Since 2013, six rural hospitals in Georgia have closed. The Jenkins Medical Center in Millen plans to shut its doors in June, becoming the seventh.

Johnson said Oconee took steps to contain costs, including reducing the hospital’s labor force, ending matching contributions to employee retirement plans, and closing affiliated care centers.

“As 2015 came to a close, it became increasingly clear that the debtors needed a financial solution,” he said, adding that the hospital was in default on the 1998 bonds and other alternatives were needed to alleviate long-term financial challenges.

Working with a majority of bondholders and the bond trustee, U.S. Bank NA, Johnson said the investment banking firm Houlihan Lokey Capital Inc. was hired along with financial advisor Grant Thornton to evaluate strategic options.

They found no new financing alternatives in part because of the hospital’s outstanding debt, Johnson said.

Oconee’s board of directors ordered Houlihan Lokey and Grant Thornton to solicit interest in various transactions, a process that led to the agreement with Prime Healthcare and the subsequent bankruptcy filing.
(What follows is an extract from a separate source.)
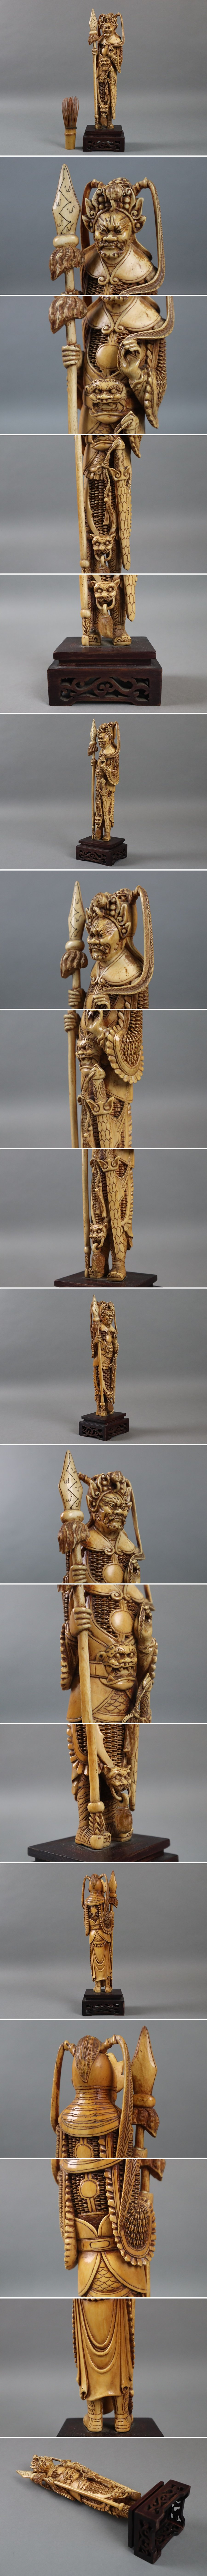 置物 時代物 鹿2匹 天然素材 マンモス 象牙風 彫刻 骨董 古美術品 www

If the DIP loan is approved June 5, the agreement with bondholders calls for the sale of the hospital to be approved by the court in less two months, and for the hospital’s bankruptcy plan of reorganization to be approved by Sept. 30.

Objections to the bidding and sale procedures have been filed by the unsecured creditors committee, Cigna HealthCare of Georgia Inc., and Navicent Health Inc.

Oconee Regional Health Systems Inc. filed for Chapter 11 in the U.S. Bankruptcy Court in Macon. The case number is 17-51005.